Verschnupfte Verbände

Bürgermeister Ole von Beust hat sich ablehnend über Gesamtschulen geäußert. Das hat nun bei der Elternkammer, der Elterninitiative für Integration und der Volksinitiative „Eine Schule für alle“ zu heftigen Reaktionen geführt

Er habe von Gesamtschulen die Nase voll, sagte Bürgermeister Ole von Beust (CDU) laut dem Hamburger Abendblatt Ende Januar in einer Rede vor dem Anglo German Club. Unter Befürwortern der Gesamtschule sorgte von Beust damit für heftigen Unmut: Die Hamburger Elternkammer fordert von Beust am Dienstag in einem Offenen Brief auf, die Äußerung richtigzustellen. „Uns entsetzt diese öffentliche Herabsetzung einer Schulform“, sagt der kürzlich neu gewählte Vorsitzende Hans-Peter Vogeler.

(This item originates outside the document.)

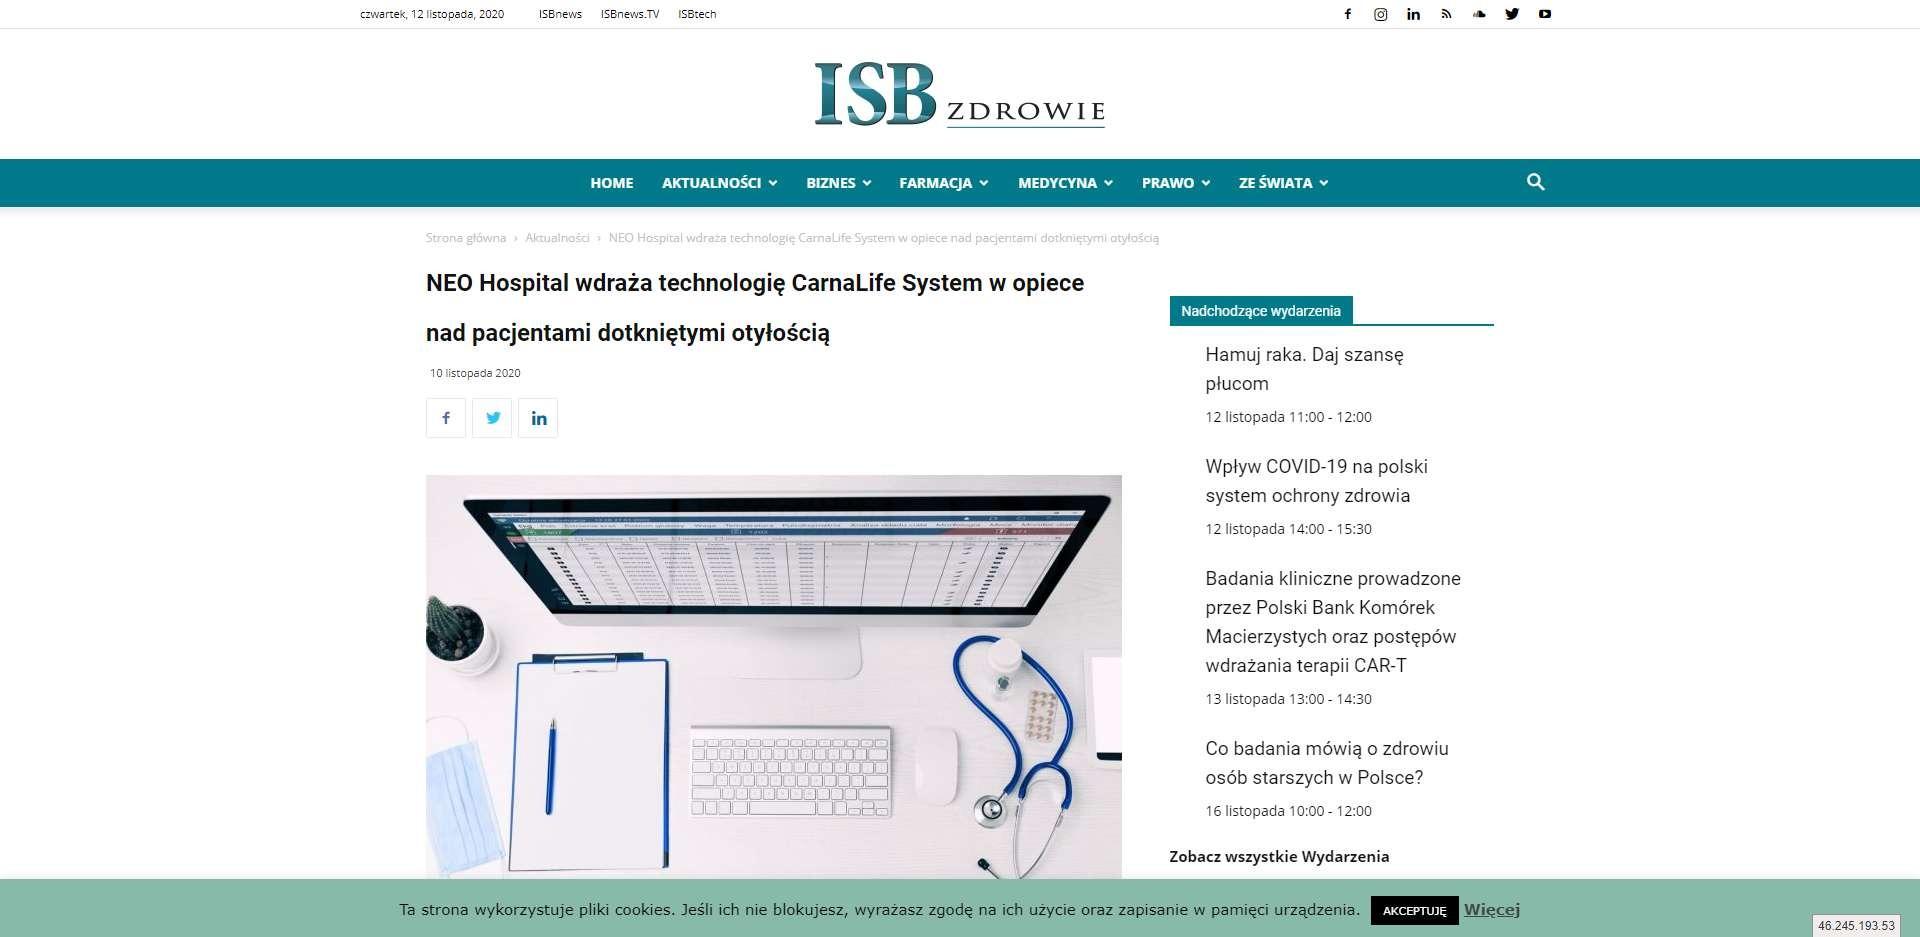 neo hospital wdraza technologie carnalife system w opiece nad pacjentami dotknietymi otyloscia
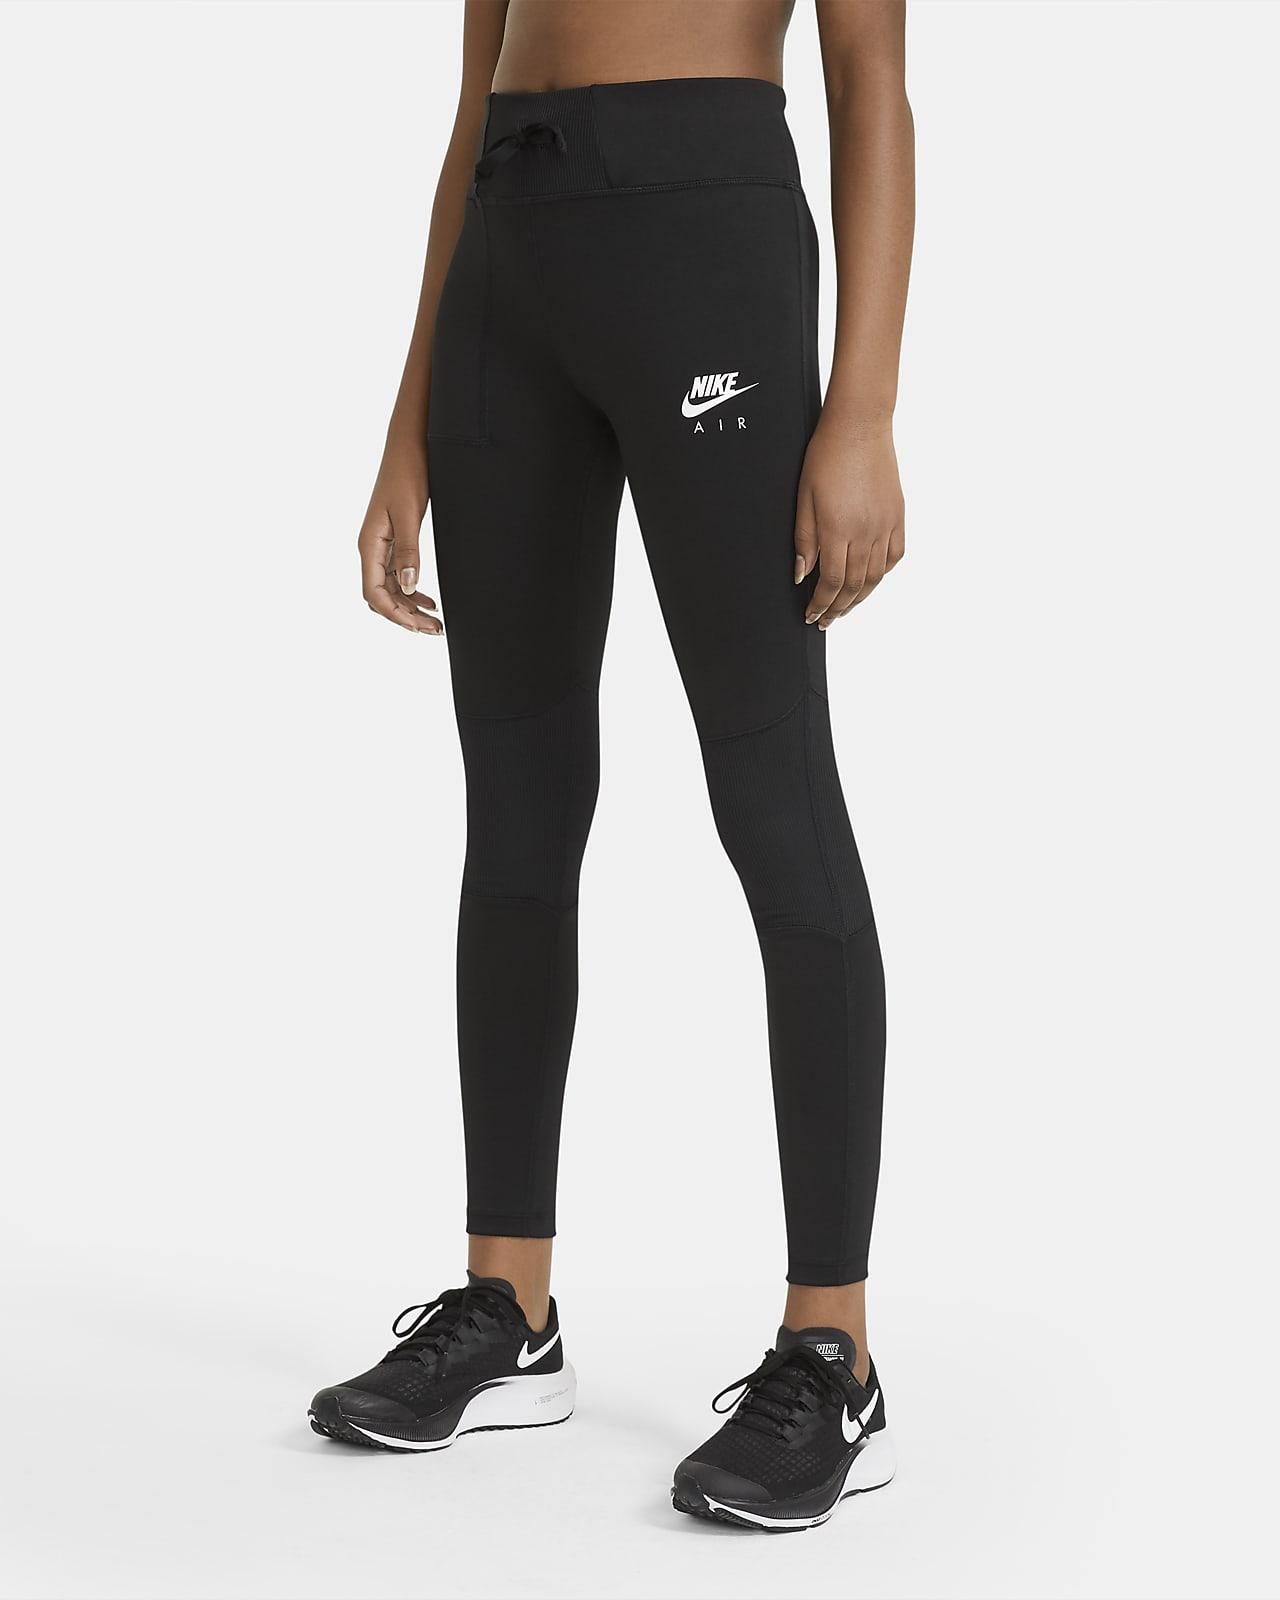 Nike Air treningsleggings til store barn (jente)

Gerade jetzt, wo die Anmelderunde für die 5. Klassen läuft, würden Eltern dadurch zusätzlich verunsichert.

Gesamtschulen seien in Hamburg eine anerkannte und beliebte Schulform, die 30,9 Prozent der Schüler besuchten. Zudem sei deren integrative reformpädagogische Arbeit immer wieder mit Preisen ausgezeichnet worden. Und schließlich seien sie fester Bestandteil des vom CDU-Senat geplanten Zwei-Säulen-Modells, in dem sie als „Stadtteilschulen“ lediglich neue Namen bekämen. „Der Senat plant aus gutem Grund nicht die Abschaffung der Gesamtschulen.“

Auch die „Elterninitiative für Integration“ machte am Dienstag ihrem Unmut Luft. „Der Bürgermeister fordert einerseits mehr Ehrlichkeit und Sachlichkeit in der Darstellung, andererseits greift er hier unqualifiziert und pauschal die Gesamtschulen an“, ärgert sich Sprecher Hanno Kleist. „Was will der Bürgermeister unseren Kindern sagen, wenn er von ihnen die Nase voll hat?“

Noch schärfere Töne kamen von Karen Medrow-Struß von der Volksinitiative „Eine Schule für Alle“. „So, so, der hochwohlgeborene Freiherr von Beust hat also die Nase voll von den Schmuddelkindern“, schrieb sie. Das müsse er aber gar nicht mehr betonen, habe seine Schul- und Sozialpolitik doch seine „verächtliche Haltung den ärmeren Schichten gegenüber zur Genüge dokumentiert“.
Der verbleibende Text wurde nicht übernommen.